**EXERCISE OBJECTIVE:**
Look through the entries below and extract exactly the lines from the one containing "Trigg Laboratories Executives" through the one containing "Alloy cup crank", ends included.

Segment Open

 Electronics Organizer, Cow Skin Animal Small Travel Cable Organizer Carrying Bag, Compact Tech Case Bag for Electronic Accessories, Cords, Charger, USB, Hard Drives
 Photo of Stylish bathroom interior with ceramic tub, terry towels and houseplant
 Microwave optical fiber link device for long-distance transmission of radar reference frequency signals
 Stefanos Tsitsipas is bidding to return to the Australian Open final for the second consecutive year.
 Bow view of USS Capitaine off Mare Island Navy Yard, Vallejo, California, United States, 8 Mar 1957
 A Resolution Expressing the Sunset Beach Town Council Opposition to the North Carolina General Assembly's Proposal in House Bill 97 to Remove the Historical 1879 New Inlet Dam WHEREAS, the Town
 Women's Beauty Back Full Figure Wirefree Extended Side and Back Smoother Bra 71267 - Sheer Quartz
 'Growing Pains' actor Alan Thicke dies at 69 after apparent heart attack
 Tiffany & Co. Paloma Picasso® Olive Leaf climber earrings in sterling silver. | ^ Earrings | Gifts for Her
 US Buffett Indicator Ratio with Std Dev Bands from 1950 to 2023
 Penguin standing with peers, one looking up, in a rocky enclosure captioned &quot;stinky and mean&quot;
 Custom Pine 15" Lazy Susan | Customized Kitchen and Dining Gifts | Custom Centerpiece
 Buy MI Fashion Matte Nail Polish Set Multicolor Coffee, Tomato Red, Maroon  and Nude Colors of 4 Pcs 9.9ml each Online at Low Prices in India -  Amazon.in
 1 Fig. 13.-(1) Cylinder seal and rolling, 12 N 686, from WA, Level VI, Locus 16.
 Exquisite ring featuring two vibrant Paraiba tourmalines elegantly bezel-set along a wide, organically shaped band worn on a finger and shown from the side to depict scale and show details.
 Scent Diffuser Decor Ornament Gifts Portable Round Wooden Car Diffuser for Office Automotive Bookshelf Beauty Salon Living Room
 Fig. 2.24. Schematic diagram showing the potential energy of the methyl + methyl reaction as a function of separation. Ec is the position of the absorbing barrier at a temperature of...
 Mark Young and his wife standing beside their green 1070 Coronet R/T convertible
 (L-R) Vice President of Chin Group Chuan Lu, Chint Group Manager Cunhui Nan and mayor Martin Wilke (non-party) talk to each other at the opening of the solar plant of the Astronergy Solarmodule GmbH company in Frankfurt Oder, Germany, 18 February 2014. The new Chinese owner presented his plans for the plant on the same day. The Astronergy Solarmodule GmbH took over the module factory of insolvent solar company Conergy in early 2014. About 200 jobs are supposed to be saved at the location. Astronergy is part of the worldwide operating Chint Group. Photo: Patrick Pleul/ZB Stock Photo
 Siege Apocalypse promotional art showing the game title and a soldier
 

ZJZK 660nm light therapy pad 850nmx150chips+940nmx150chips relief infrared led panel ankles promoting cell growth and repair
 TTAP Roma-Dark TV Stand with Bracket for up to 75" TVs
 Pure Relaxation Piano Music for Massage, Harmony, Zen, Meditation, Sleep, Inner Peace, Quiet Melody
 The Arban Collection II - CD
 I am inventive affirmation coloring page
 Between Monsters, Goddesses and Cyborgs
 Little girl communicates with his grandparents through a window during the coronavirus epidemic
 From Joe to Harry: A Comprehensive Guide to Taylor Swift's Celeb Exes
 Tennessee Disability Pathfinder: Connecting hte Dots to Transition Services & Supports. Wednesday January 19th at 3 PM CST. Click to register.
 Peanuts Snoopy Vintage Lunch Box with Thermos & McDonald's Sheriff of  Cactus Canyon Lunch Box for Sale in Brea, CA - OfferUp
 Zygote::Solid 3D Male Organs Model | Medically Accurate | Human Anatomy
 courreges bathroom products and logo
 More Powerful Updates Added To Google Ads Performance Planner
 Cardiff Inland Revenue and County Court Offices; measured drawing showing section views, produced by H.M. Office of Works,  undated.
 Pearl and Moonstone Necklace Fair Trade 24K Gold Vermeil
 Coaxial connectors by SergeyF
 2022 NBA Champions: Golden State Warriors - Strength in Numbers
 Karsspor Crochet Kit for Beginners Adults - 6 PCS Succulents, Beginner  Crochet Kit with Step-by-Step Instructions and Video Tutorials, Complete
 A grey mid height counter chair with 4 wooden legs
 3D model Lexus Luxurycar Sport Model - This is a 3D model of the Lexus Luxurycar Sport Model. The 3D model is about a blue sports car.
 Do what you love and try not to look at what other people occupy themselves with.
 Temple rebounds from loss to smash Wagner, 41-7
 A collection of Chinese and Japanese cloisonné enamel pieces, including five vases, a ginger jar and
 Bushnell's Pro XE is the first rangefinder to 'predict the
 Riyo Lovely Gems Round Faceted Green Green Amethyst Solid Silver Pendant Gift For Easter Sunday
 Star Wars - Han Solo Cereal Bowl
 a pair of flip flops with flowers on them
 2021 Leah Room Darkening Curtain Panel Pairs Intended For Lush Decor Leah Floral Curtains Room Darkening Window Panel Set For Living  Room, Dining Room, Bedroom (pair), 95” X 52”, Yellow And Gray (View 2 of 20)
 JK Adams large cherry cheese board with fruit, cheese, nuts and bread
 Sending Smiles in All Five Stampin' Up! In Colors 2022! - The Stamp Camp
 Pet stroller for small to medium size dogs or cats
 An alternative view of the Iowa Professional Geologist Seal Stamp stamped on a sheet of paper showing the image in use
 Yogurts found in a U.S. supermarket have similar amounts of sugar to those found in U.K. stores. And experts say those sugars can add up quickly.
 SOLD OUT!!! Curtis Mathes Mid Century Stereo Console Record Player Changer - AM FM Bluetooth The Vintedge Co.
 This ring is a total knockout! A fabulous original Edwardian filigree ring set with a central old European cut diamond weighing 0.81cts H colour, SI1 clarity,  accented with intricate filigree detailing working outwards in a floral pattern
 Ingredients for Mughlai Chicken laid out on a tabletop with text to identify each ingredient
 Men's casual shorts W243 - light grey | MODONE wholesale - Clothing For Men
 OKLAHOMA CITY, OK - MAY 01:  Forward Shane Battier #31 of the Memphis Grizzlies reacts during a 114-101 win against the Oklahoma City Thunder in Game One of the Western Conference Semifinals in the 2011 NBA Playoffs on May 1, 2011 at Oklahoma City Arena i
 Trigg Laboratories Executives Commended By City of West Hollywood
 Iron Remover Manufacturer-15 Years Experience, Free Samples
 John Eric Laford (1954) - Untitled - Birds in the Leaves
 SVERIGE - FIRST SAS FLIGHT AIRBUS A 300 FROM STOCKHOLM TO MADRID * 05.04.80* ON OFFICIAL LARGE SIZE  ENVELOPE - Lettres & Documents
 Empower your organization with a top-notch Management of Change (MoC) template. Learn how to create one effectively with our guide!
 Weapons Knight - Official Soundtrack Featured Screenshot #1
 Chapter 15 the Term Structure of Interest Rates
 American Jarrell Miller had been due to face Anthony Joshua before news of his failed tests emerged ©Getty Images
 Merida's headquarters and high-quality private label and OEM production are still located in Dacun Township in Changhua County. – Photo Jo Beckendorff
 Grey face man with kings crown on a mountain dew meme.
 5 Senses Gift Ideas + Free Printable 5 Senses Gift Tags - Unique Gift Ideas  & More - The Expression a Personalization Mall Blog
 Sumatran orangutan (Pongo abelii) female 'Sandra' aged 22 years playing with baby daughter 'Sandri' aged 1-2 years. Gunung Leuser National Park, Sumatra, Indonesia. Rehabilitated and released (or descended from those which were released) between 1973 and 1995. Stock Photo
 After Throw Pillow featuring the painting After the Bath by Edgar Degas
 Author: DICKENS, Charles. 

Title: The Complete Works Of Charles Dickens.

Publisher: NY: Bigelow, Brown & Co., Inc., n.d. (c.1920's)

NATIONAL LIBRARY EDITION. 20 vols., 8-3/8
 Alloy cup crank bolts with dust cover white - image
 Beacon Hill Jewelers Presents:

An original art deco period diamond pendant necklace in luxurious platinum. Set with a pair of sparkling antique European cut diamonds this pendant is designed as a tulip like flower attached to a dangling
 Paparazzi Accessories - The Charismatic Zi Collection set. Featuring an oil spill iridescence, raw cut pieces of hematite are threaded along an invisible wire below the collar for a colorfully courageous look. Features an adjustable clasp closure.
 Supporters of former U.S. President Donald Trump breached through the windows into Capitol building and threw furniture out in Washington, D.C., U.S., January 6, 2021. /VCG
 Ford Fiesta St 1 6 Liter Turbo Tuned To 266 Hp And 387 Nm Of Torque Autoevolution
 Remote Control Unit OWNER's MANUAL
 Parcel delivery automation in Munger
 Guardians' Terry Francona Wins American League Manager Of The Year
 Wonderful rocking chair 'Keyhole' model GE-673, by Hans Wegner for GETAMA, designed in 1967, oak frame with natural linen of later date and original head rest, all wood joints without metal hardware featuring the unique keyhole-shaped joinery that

Segment Closed

**OUTPUT FOR THIS EXERCISE:**
 Trigg Laboratories Executives Commended By City of West Hollywood
 Iron Remover Manufacturer-15 Years Experience, Free Samples
 John Eric Laford (1954) - Untitled - Birds in the Leaves
 SVERIGE - FIRST SAS FLIGHT AIRBUS A 300 FROM STOCKHOLM TO MADRID * 05.04.80* ON OFFICIAL LARGE SIZE  ENVELOPE - Lettres & Documents
 Empower your organization with a top-notch Management of Change (MoC) template. Learn how to create one effectively with our guide!
 Weapons Knight - Official Soundtrack Featured Screenshot #1
 Chapter 15 the Term Structure of Interest Rates
 American Jarrell Miller had been due to face Anthony Joshua before news of his failed tests emerged ©Getty Images
 Merida's headquarters and high-quality private label and OEM production are still located in Dacun Township in Changhua County. – Photo Jo Beckendorff
 Grey face man with kings crown on a mountain dew meme.
 5 Senses Gift Ideas + Free Printable 5 Senses Gift Tags - Unique Gift Ideas  & More - The Expression a Personalization Mall Blog
 Sumatran orangutan (Pongo abelii) female 'Sandra' aged 22 years playing with baby daughter 'Sandri' aged 1-2 years. Gunung Leuser National Park, Sumatra, Indonesia. Rehabilitated and released (or descended from those which were released) between 1973 and 1995. Stock Photo
 After Throw Pillow featuring the painting After the Bath by Edgar Degas
 Author: DICKENS, Charles. 

Title: The Complete Works Of Charles Dickens.

Publisher: NY: Bigelow, Brown & Co., Inc., n.d. (c.1920's)

NATIONAL LIBRARY EDITION. 20 vols., 8-3/8
 Alloy cup crank bolts with dust cover white - image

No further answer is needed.